Emerson Electric Co. (EMR) shows a bullish trend with a 35.85% price increase over the past 12 months, marked by accelerating momentum and moderate volatility (std dev 12.39). The stock ranged from a low of 94.57 to a high of 149.63.

Generac Holdings Inc. (GNRC) also exhibits a bullish trend over the year with a 30.39% gain but with decelerating momentum and higher volatility (std dev 22.61). Recently, the stock trend turned bearish, declining 20.33% with increased volatility.

Comparing both, Emerson Electric delivered the highest market performance with stronger upward momentum and less recent volatility, outperforming Generac despite its earlier annual gains.

Target Prices

Analysts provide a moderately optimistic target price consensus for Emerson Electric Co. and Generac Holdings Inc.

CompanyTarget HighTarget LowConsensus
Emerson Electric Co.170125149.67
Generac Holdings Inc.248184210

Consensus targets suggest Emerson’s stock price near current levels, while Generac shows potential upside from its current price of 152.68, reflecting stronger growth expectations.

Analyst Opinions Comparison

This section compares analysts’ ratings and financial scores for Emerson Electric Co. and Generac Holdings Inc.:

Rating Comparison

EMR Rating

  • Rating: Both companies hold a “B” rating, considered very favorable by analysts.
  • Discounted Cash Flow Score: EMR has a moderate score of 3, indicating average valuation.
  • ROE Score: EMR’s return on equity score is moderate at 3, reflecting average profit efficiency.
  • ROA Score: EMR’s return on assets score is favorable at 4, indicating effective asset use.
  • Debt To Equity Score: EMR’s score is moderate at 2, signaling some financial leverage.
  • Overall Score: EMR has a moderate overall score of 3 based on key financial metrics.

GNRC Rating

  • Rating: Both companies hold a “B” rating, considered very favorable by analysts.
  • Discounted Cash Flow Score: GNRC also scores 3, suggesting a similar moderate valuation level.
  • ROE Score: GNRC’s ROE is favorable at 4, showing more efficient profit generation from equity.
  • ROA Score: GNRC matches with a favorable score of 4, also utilizing assets effectively.
  • Debt To Equity Score: GNRC shares the same moderate score of 2, indicating similar leverage.
  • Overall Score: GNRC also holds a moderate overall score of 3, reflecting comparable performance.

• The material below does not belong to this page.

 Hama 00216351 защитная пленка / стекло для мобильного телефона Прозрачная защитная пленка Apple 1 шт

Which one is the best rated?

Both Emerson Electric Co. and Generac Holdings Inc. share identical overall ratings and discounted cash flow scores. However, GNRC has a slight edge with a higher return on equity score, suggesting better efficiency in generating profits from shareholders’ equity.

Scores Comparison

Here is a comparison of the Altman Z-Score and Piotroski Score for Emerson Electric Co. and Generac Holdings Inc.:

EMR Scores

  • Altman Z-Score: 2.68, in the grey zone indicating moderate bankruptcy risk.
  • Piotroski Score: 7, classified as strong financial health.

GNRC Scores

  • Altman Z-Score: 3.73, in the safe zone indicating low bankruptcy risk.
  • Piotroski Score: 7, classified as strong financial health.

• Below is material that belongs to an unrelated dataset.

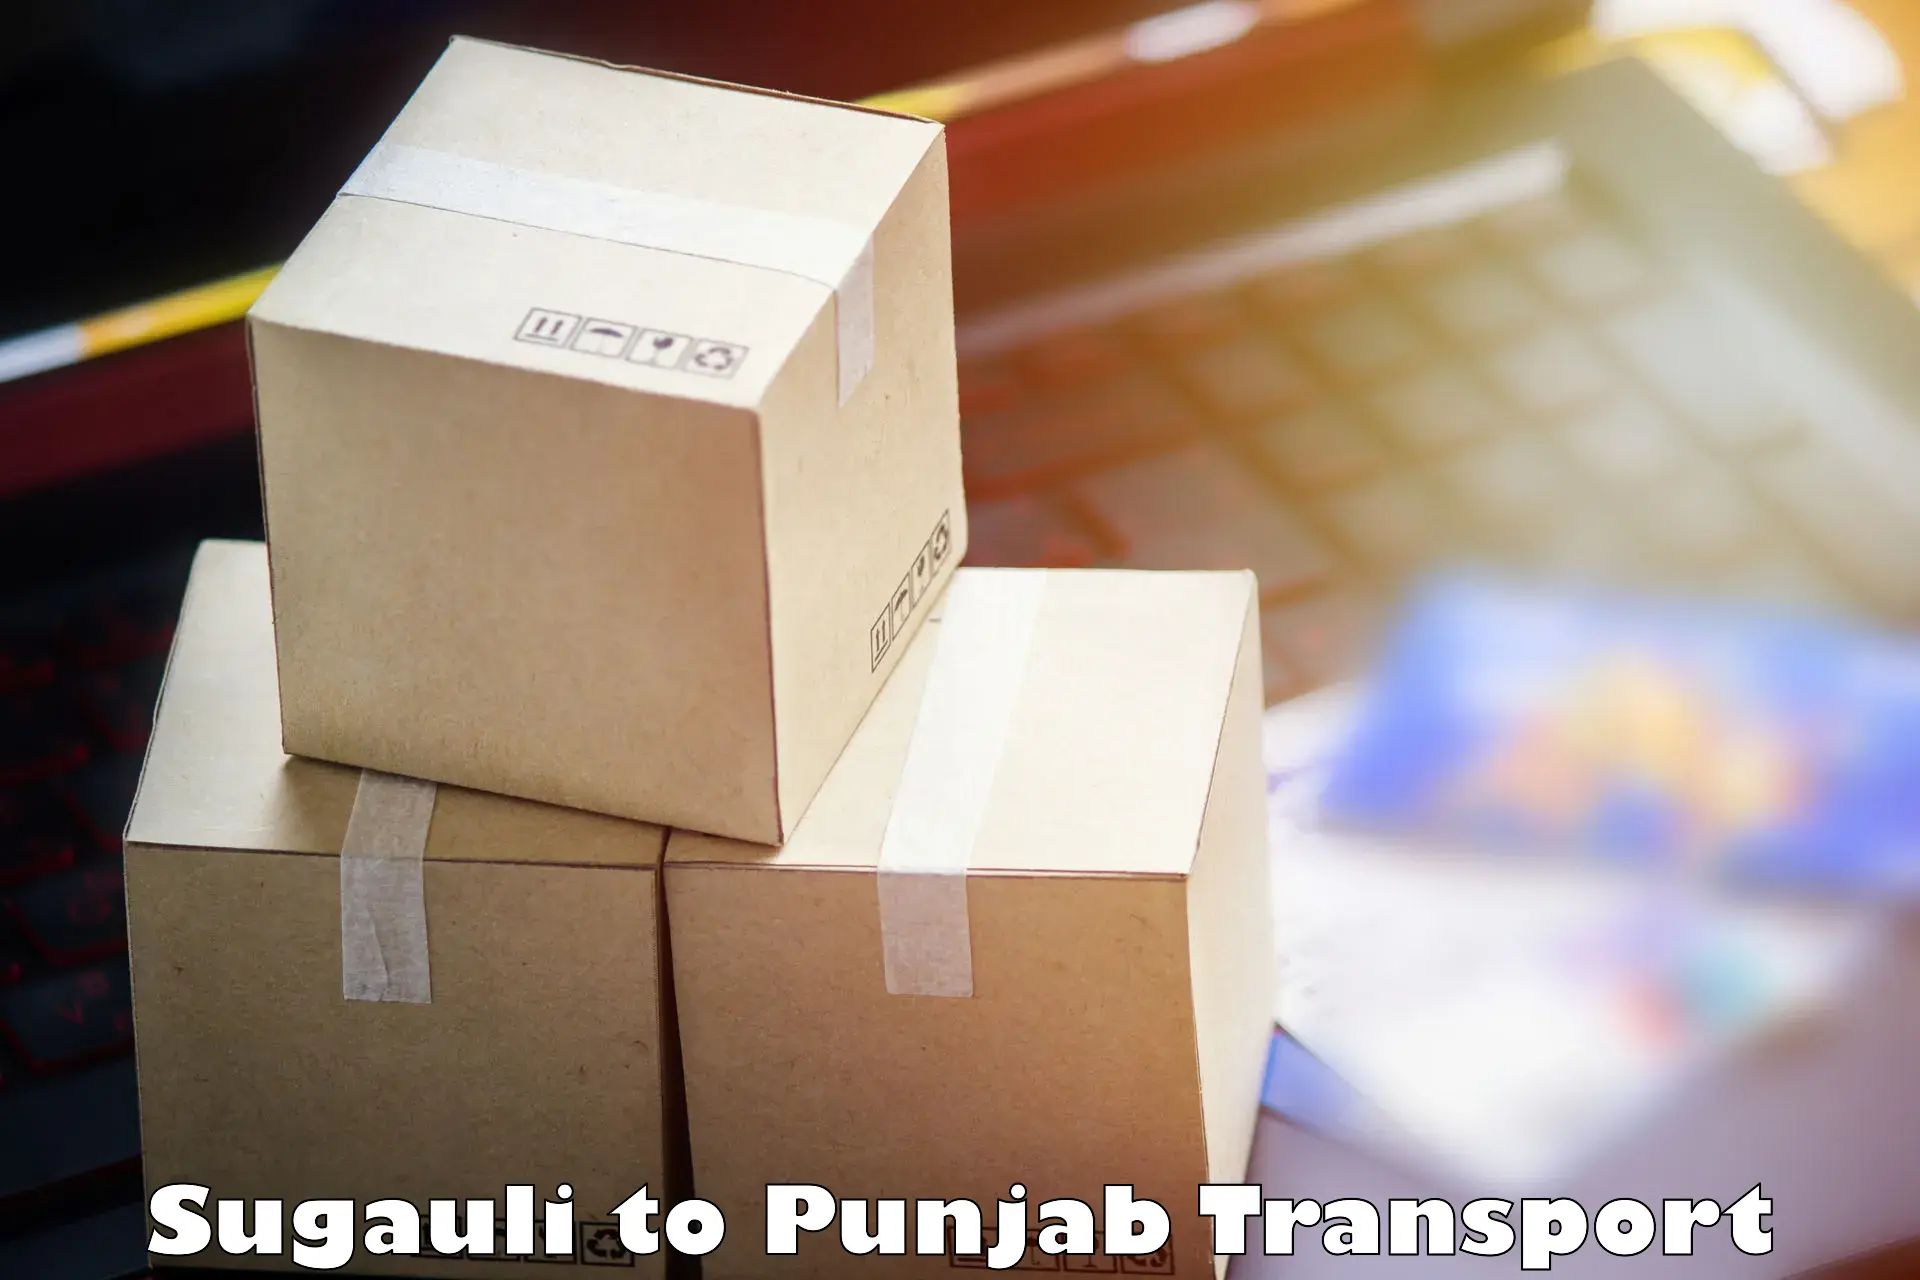 Nearby transport service Sugauli to Central University of Punjab Bathinda

Which company has the best scores?

Generac Holdings Inc. shows a stronger Altman Z-Score, placing it in the safe zone, while both companies share the same strong Piotroski Score of 7. Based strictly on these scores, Generac has a slight edge in financial stability.

Grades Comparison

A comparison of the recent grades assigned to Emerson Electric Co. and Generac Holdings Inc. by reputable grading companies:

Emerson Electric Co. Grades

The table below shows recent grades and rating actions from major financial institutions for Emerson Electric Co.:

Grading CompanyActionNew GradeDate
Wells FargoMaintainEqual Weight2026-01-07
BarclaysMaintainEqual Weight2026-01-07
UBSUpgradeBuy2026-01-05
JefferiesDowngradeHold2025-12-10
JP MorganMaintainNeutral2025-11-10
RBC CapitalMaintainOutperform2025-11-06
BarclaysMaintainEqual Weight2025-11-06
RBC CapitalMaintainOutperform2025-10-16
JP MorganMaintainNeutral2025-10-15
Wells FargoDowngradeEqual Weight2025-10-06

Grades for Emerson Electric Co. show mixed signals, with most recent ratings clustering around “Equal Weight” and “Neutral,” and occasional upgrades and downgrades.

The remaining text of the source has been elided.